Hearing Light: New Technique Converts T-Rays into Sound Waves
Can you imagine hearing light? That's exactly what a new device does. The technology "listens" for light waves and could help open up the last frontier of the electromagnetic spectrum-the terahertz range.
So-called T-rays are light waves that are too long for human eyes to see. In theory, these light waves could potentially help airport security guards find chemical and other weapons and could even allow doctors to image body tissues with less damage to healthy areas. Yet because terahertz frequencies fall between the capabilities of the specialized tools presently used to detect light, scientists have been unable to find a way to harness them-until now.
The terahertz gap is actually a sliver between the microwave and infrared bands of the electromagnetic spectrum. The spectrum itself spans from the longest, low-energy radio waves that carry songs to our receivers to the high-energy gamma rays that are released when nuclear bombs exploded. While the terahertz gap is "scientifically rich," today's detectors are bulky or need to be kept cold to work.
The new system could potentially help bridge the terahertz gap. The scientists created a special transducer that makes light-to-sound conversion possible, converting one form of energy into another. Essentially, the scientists use a detector to convert the T-ray light into sound.

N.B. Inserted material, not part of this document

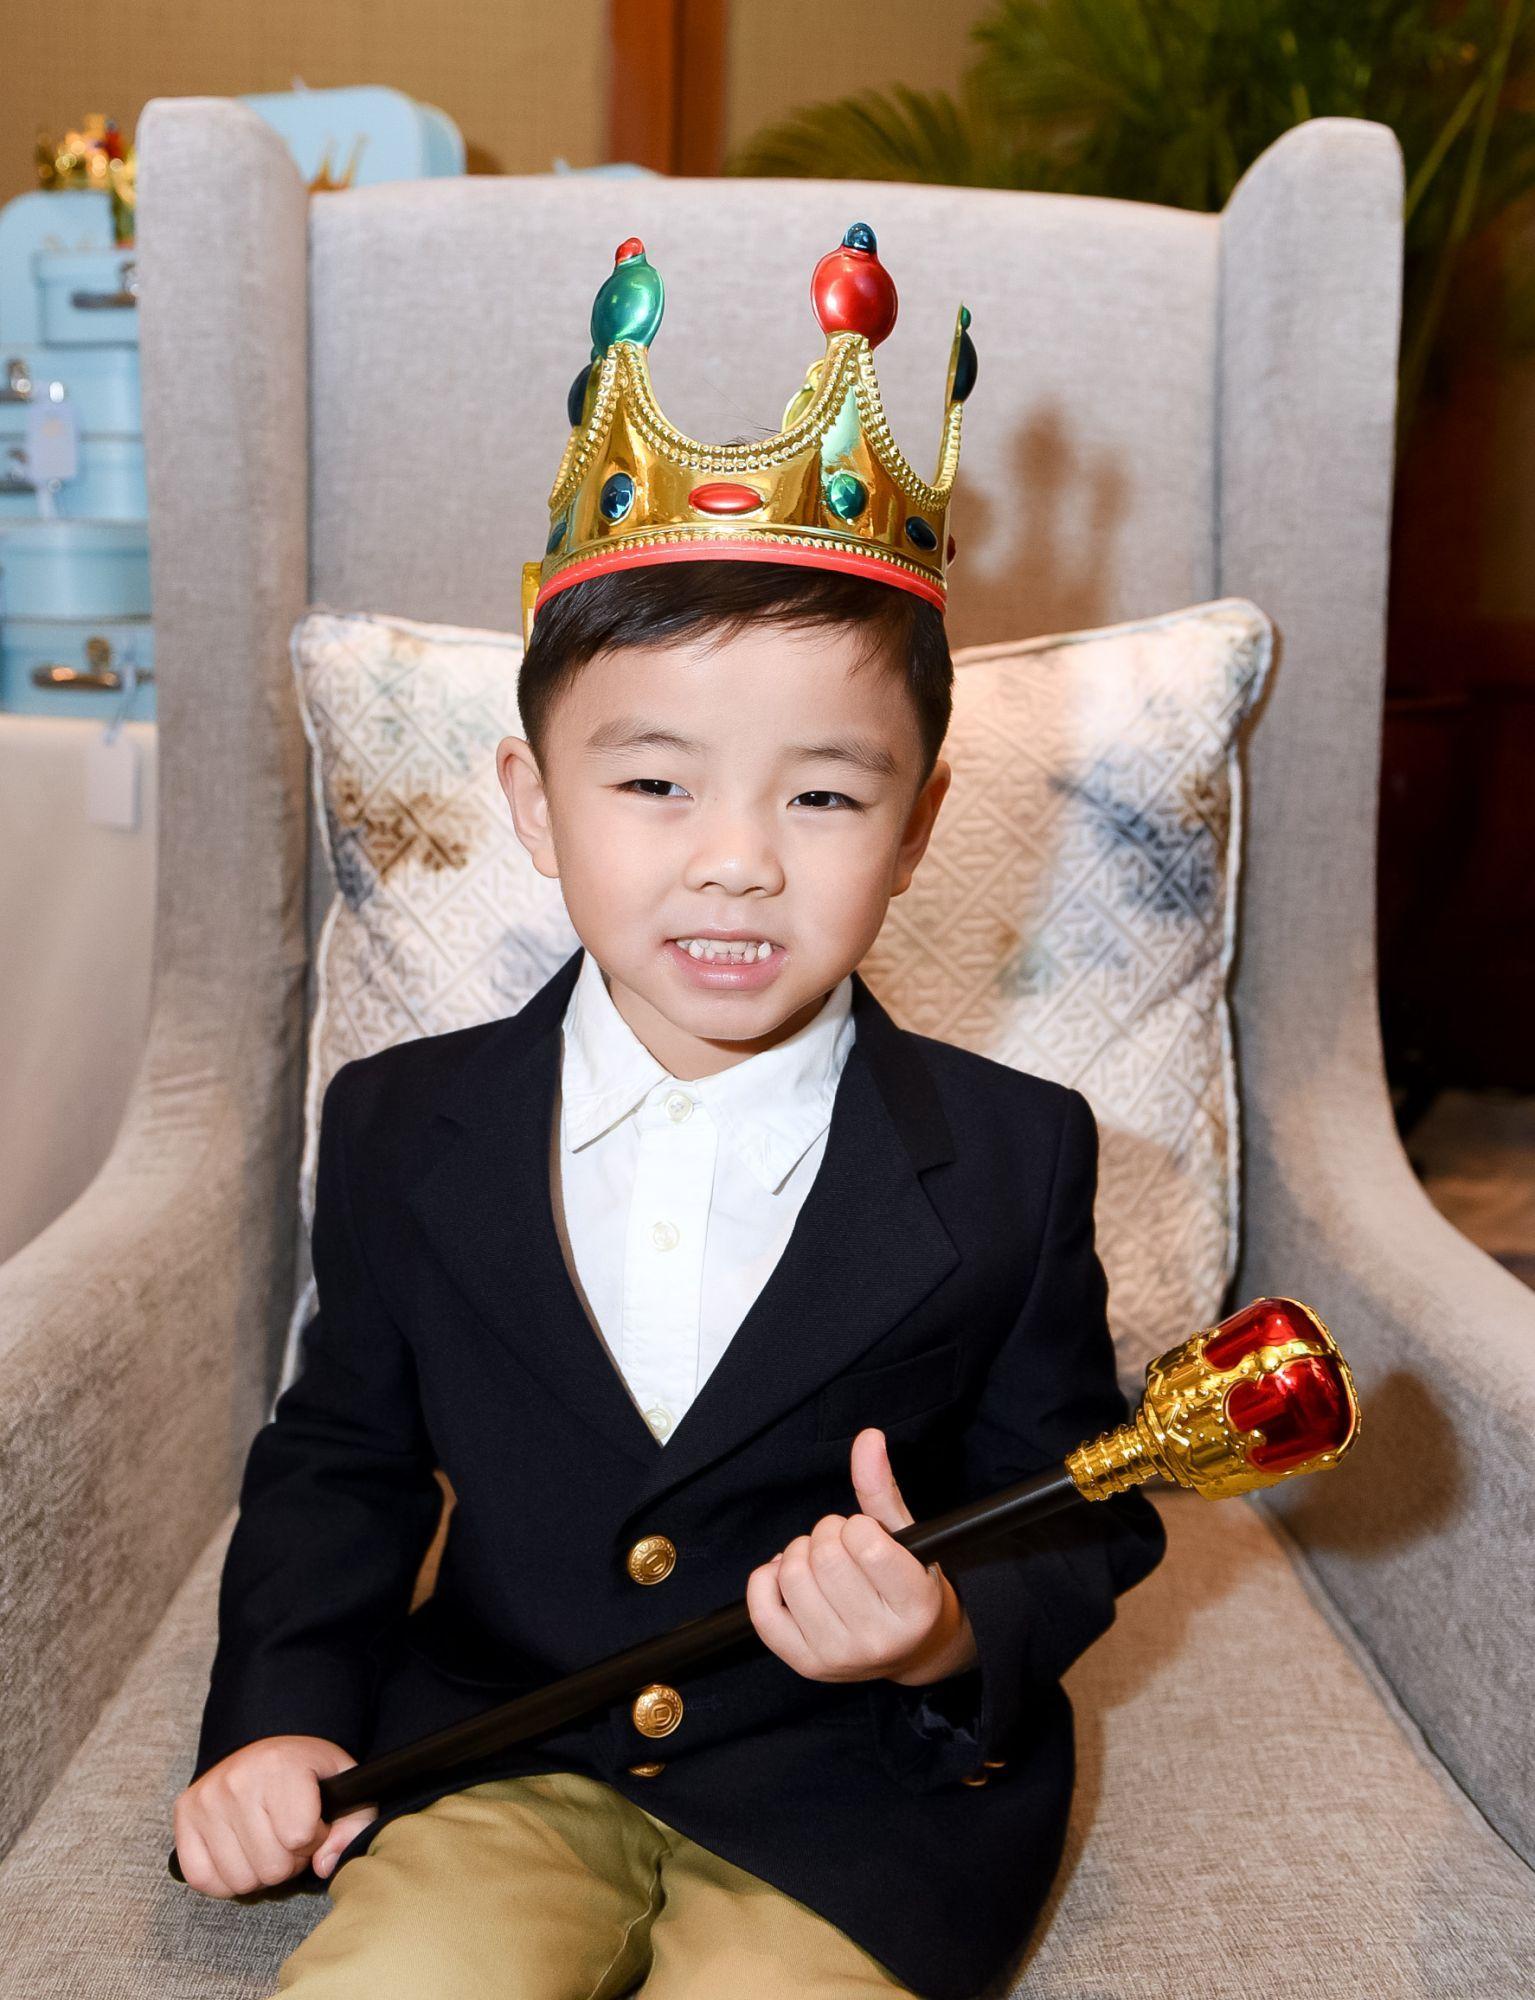 6 Of Society's Most Memorable Kids' Celebrations

The sound that the detector makes is too high for human ears to hear-an ultrasound wave.
"We convert T-ray light into sound," said Jay Guo, one of the researchers, in a news release. "Our detector is sensitive, compact and works at room temperature, and we've made it using an unconventional approach."
While ultrasound detectors exist, the researchers created their own in the form of a microscopic plastic ring known as a microring resonator. They then connected their system to a computer and showed that they could use it to scan and produce an image of an aluminum cross.
The findings reveal a way to potentially harness T-rays. This could be huge for the future of scanning in both medical and security applications.
The findings are published in the journal Nature Photonics.